An example of simple table insertion:

------- Binary file query example
/*************************************/
Use Master
Go
If exists (SELECT name FROM sys. databases WHERE name = n' blobdatademodb ')
Drop database BlobDataDemoDB
GO
USE Master
GO
Create database BlobDataDemoDB
GO
-------- Enable full-text search
/*************************************/
Execute sp_fulltext_database 'enable'
Go
Use blobDataDemoDB
GO
-- Create a table containing BlOB Columns
/*************************************/
If OBJECT_ID ('sampleblobtable') is not null
Drop table SampleBlobTable
Go
Create table SampleBlobTable
(
[PKID] int identity (1, 1) primary key,
[FileType] Nvarchar (32) null,
[FileName] Nvarchar (255) null,
[FileContent] VARBINARY (MAX) NULL,
[AddTime] datetime default (getdate ())
)
GO
If exists (SELECT * FROM sys. objects WHERE
Object_id = OBJECT_ID (n' [dbo]. [CPP_InsertOneBlobDataToTable] ')

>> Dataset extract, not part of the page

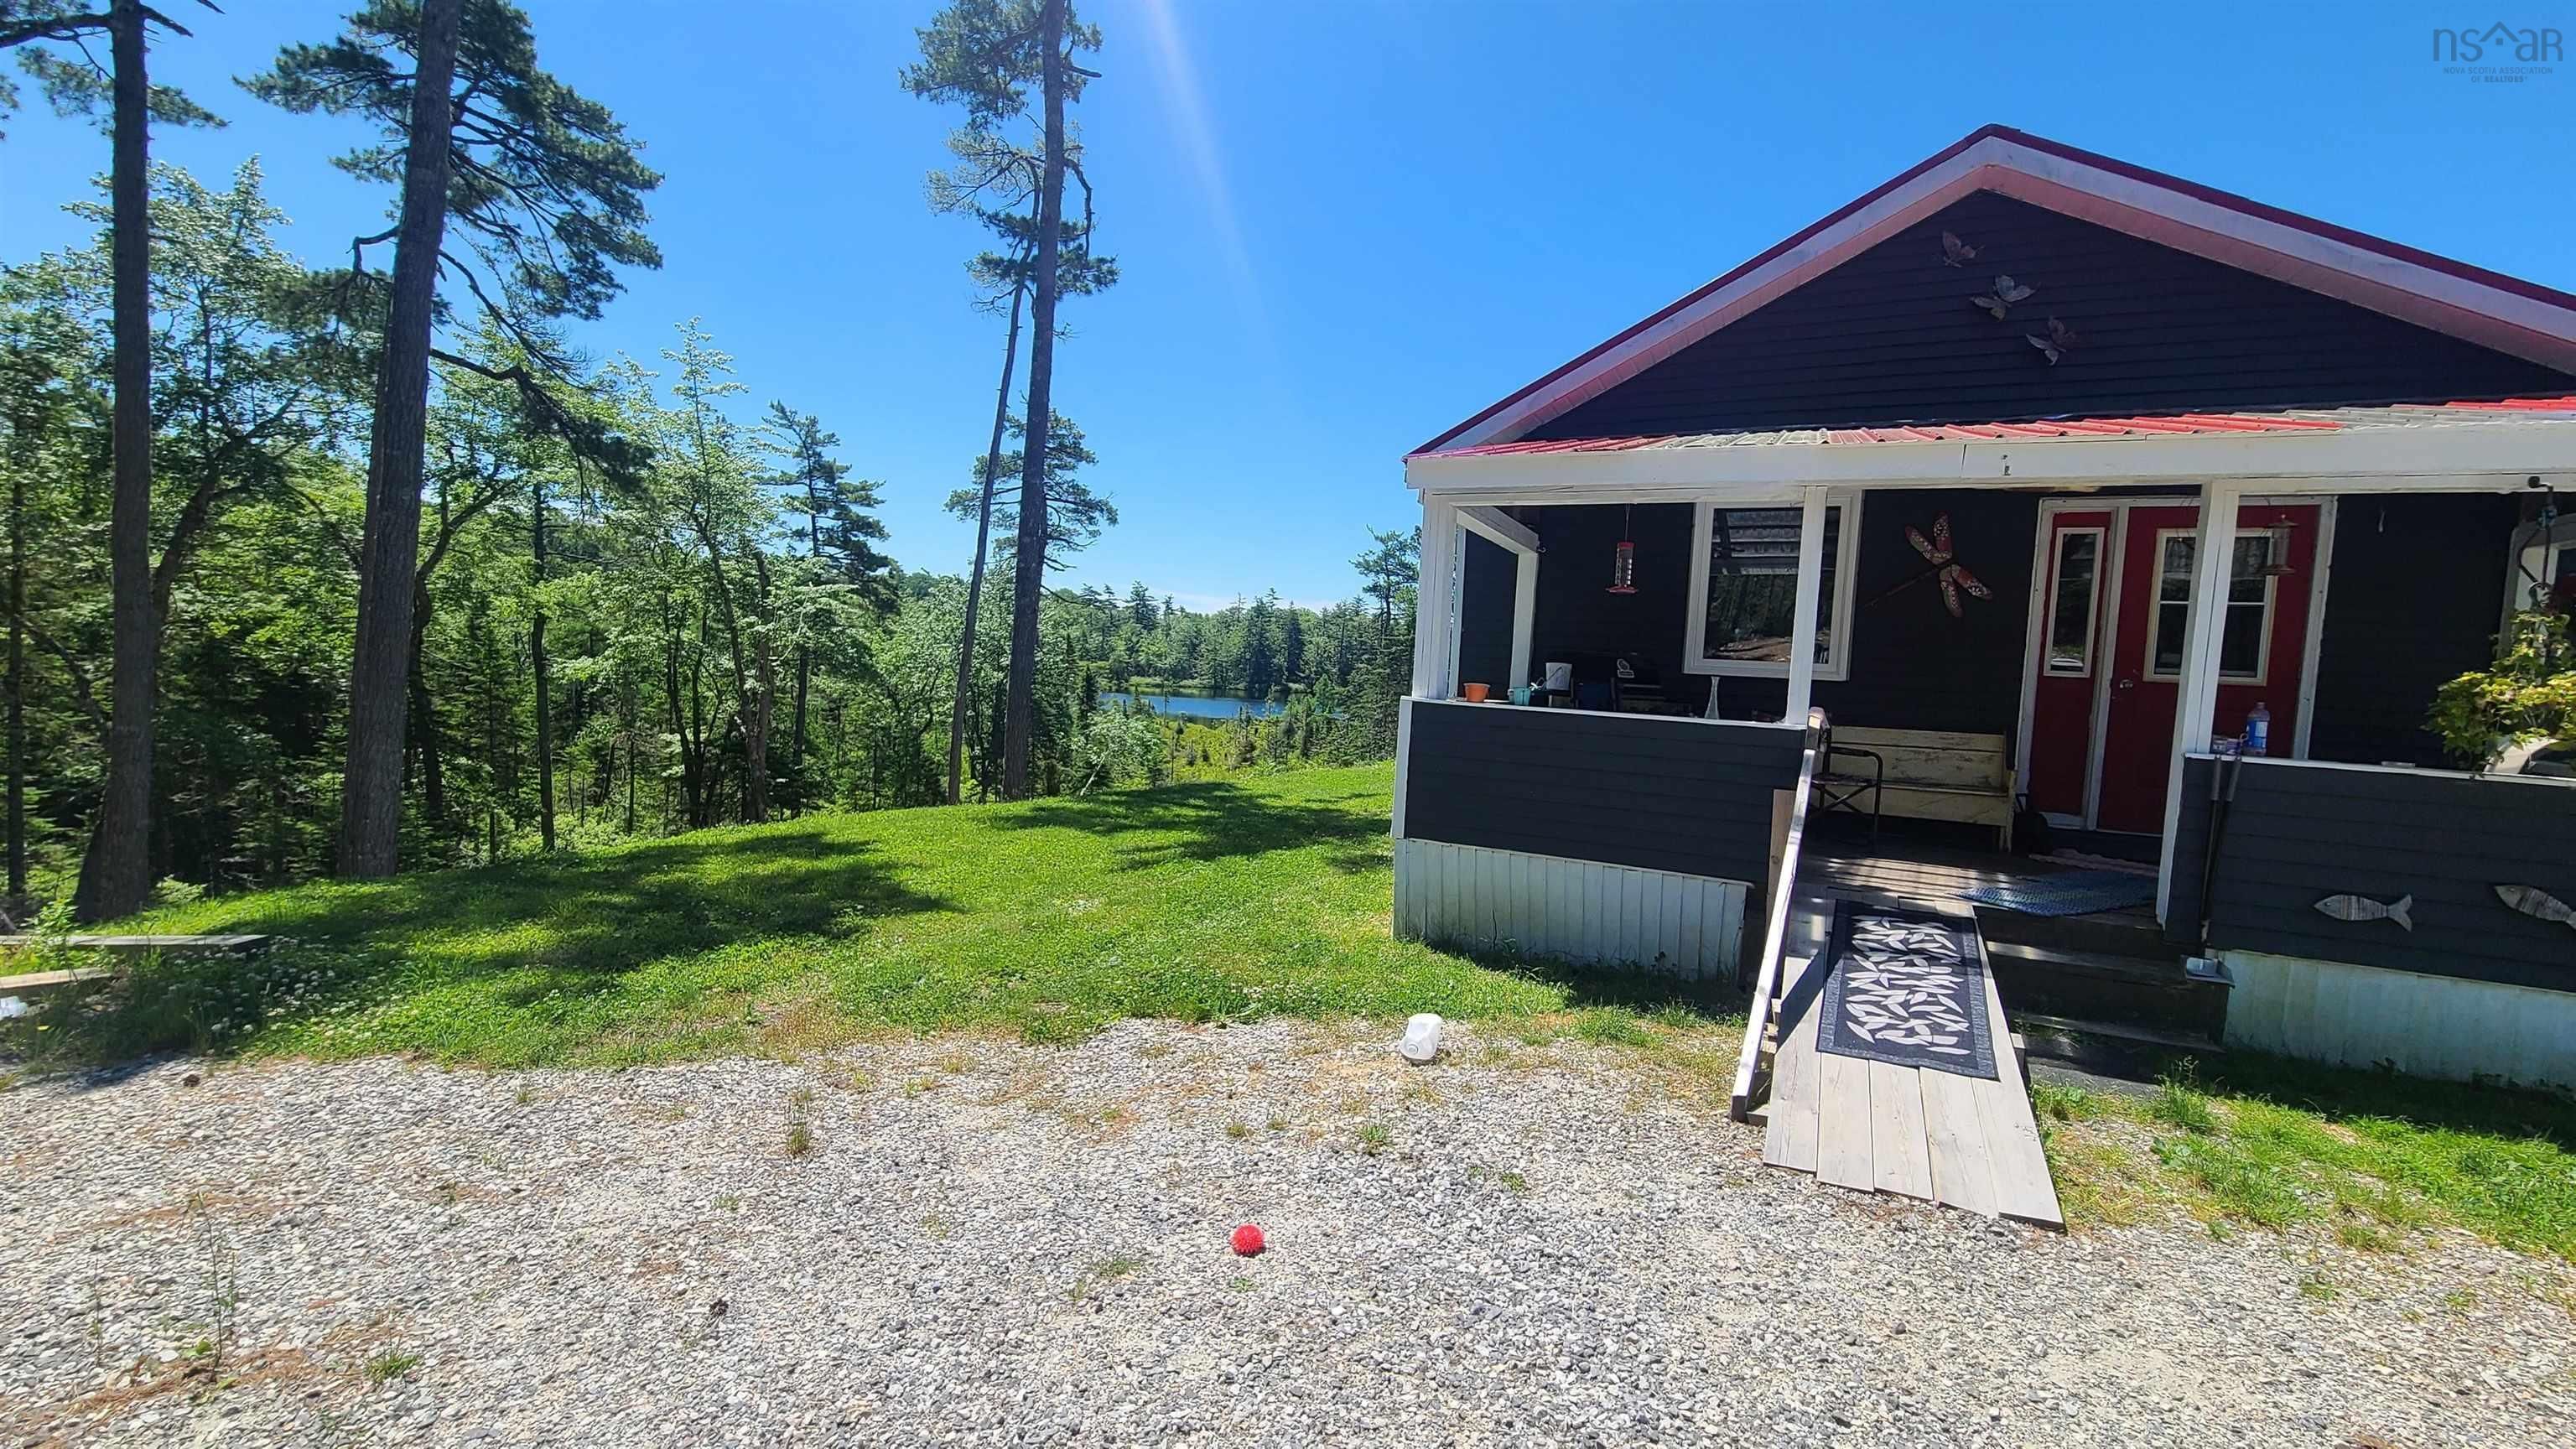 Main Photo: 274 Peters Drive in Upper Ohio: 407-Shelburne County Residential for sale (South Shore)  : MLS®# 202214990
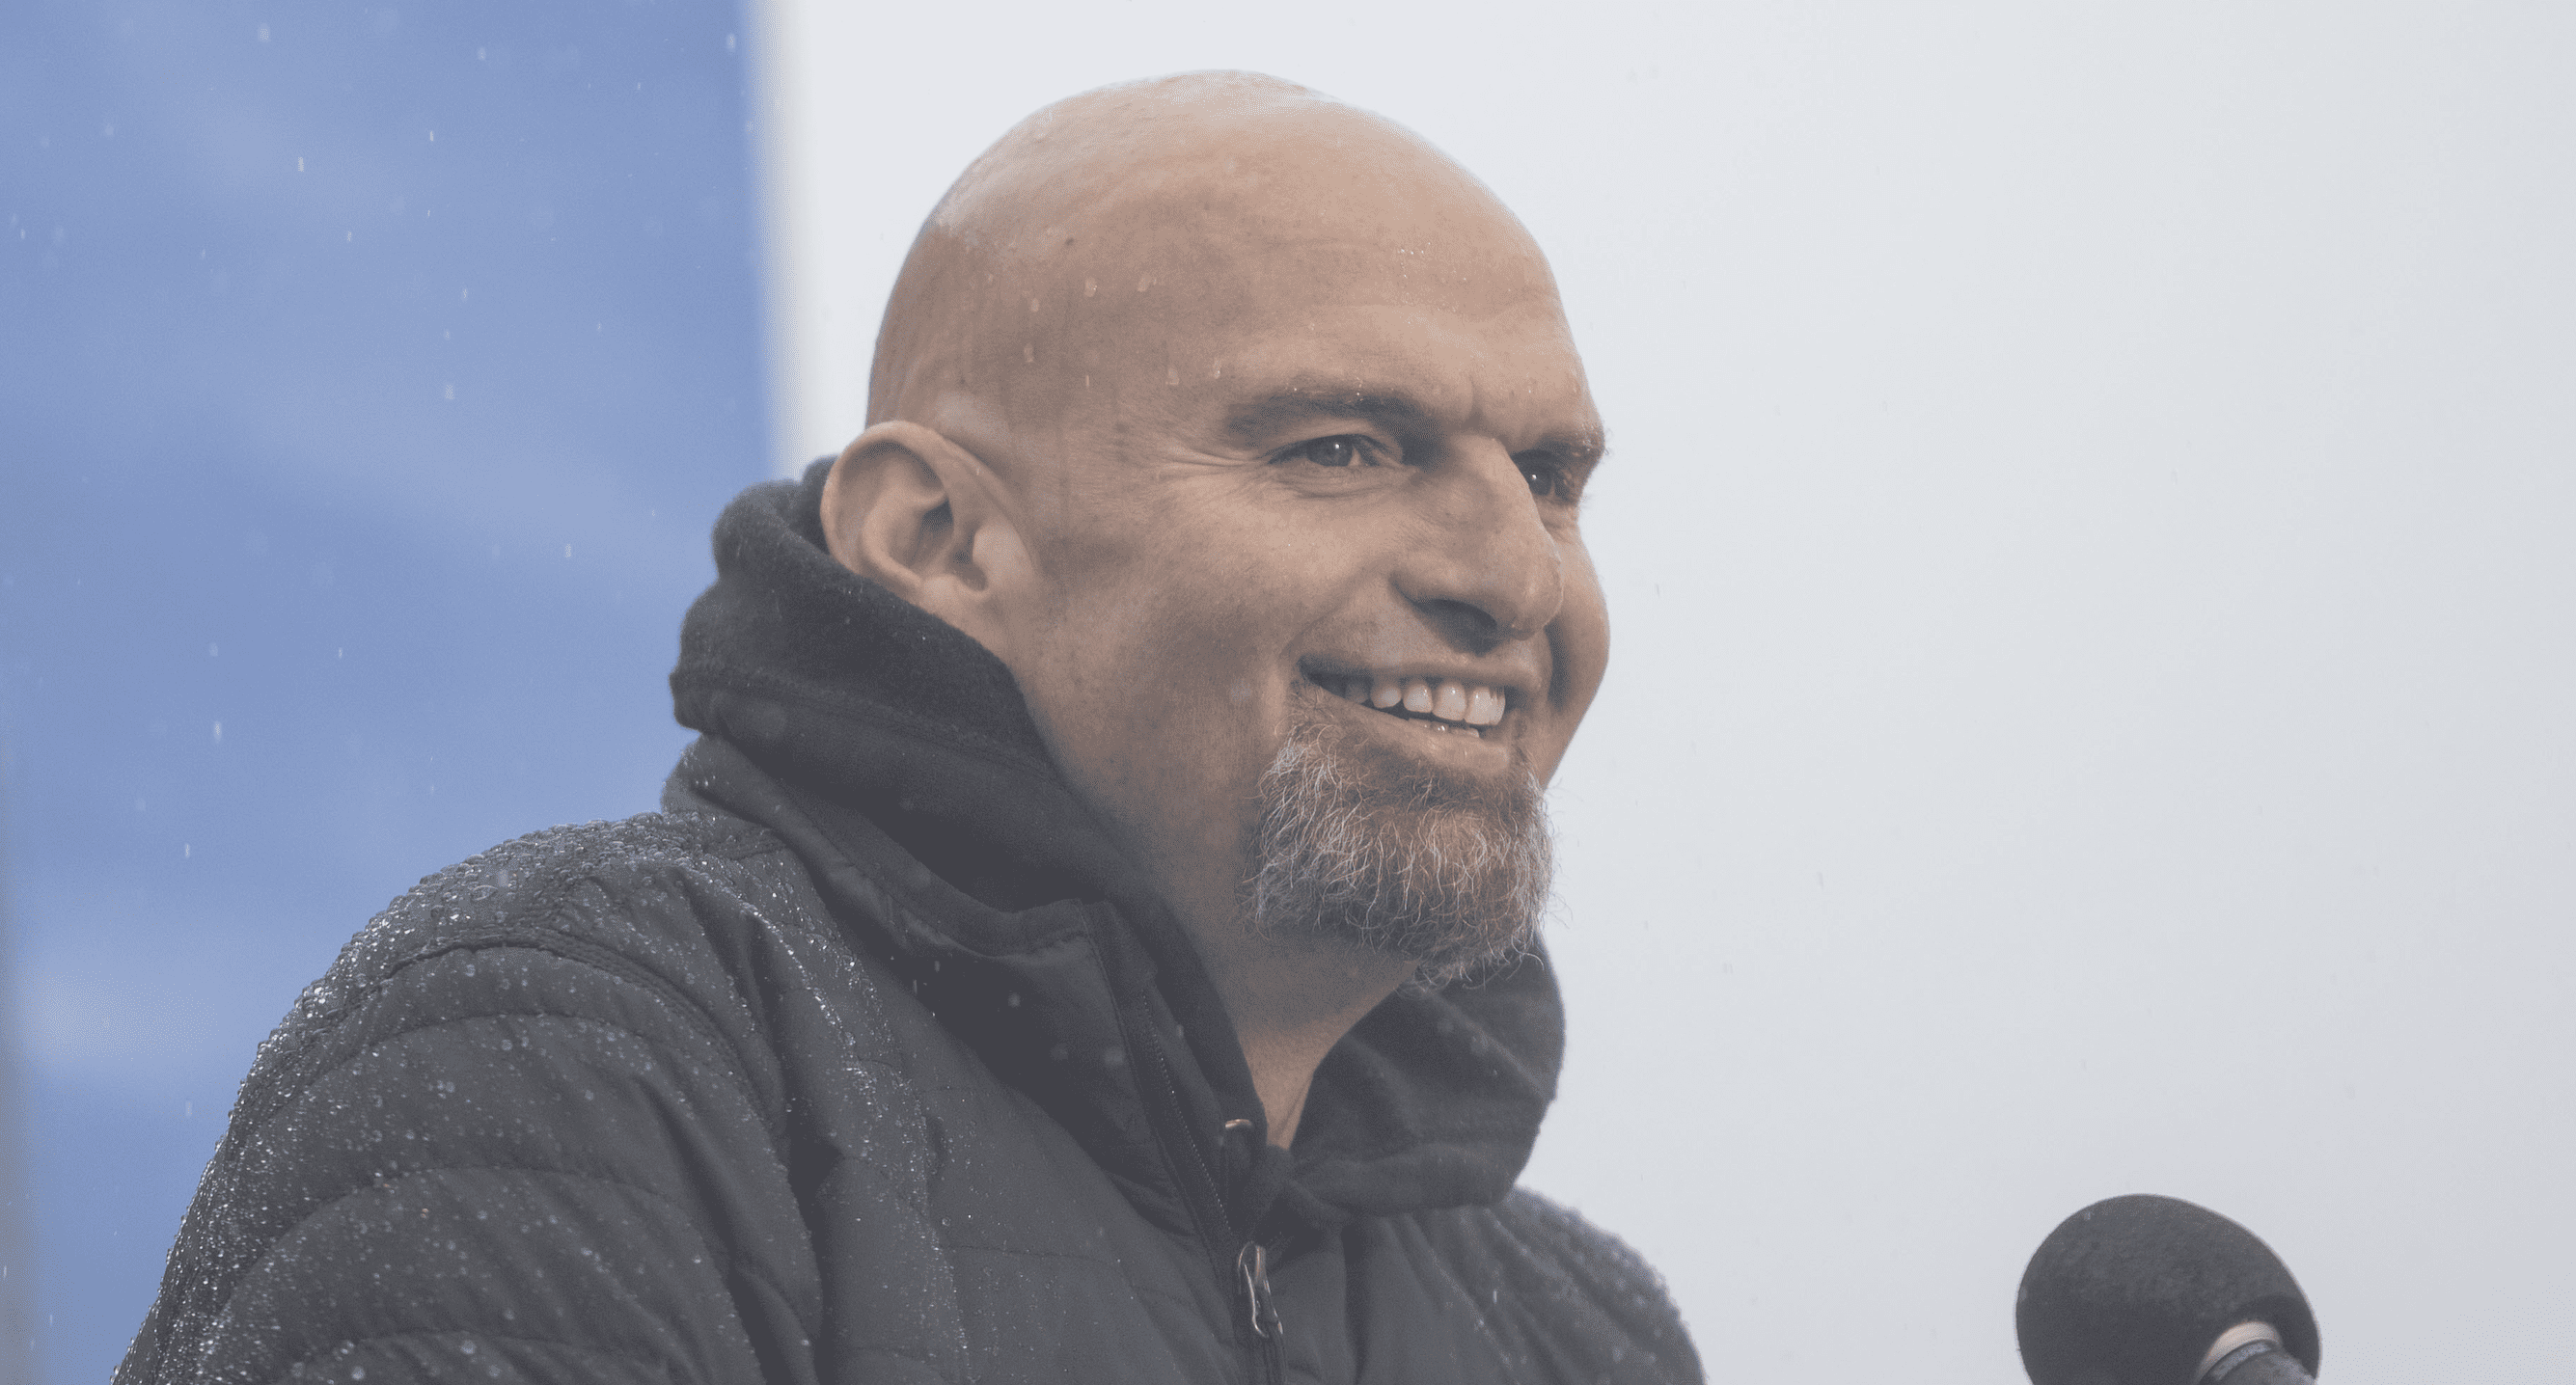 john-fetterman-gives-puzzling-response-when-answering-question-during-interview

AND type in (n'p', n'pc '))
Drop procedure [dbo]. [CPP_InsertOneBlobDataToTable]
GO
-- Create a stored procedure for inserting data to SQL server
/*************************************/
Create procedure CPP_InsertOneBlobDataToTable
(
@ FileType nvarchar (32 ),
@ FileName nvarchiar (255 ),
@ FileContent VARBINARY (MAX)
)
AS
INSERT SampleBlobTable ([FileType], [FileName], [FileContent], [AddTime])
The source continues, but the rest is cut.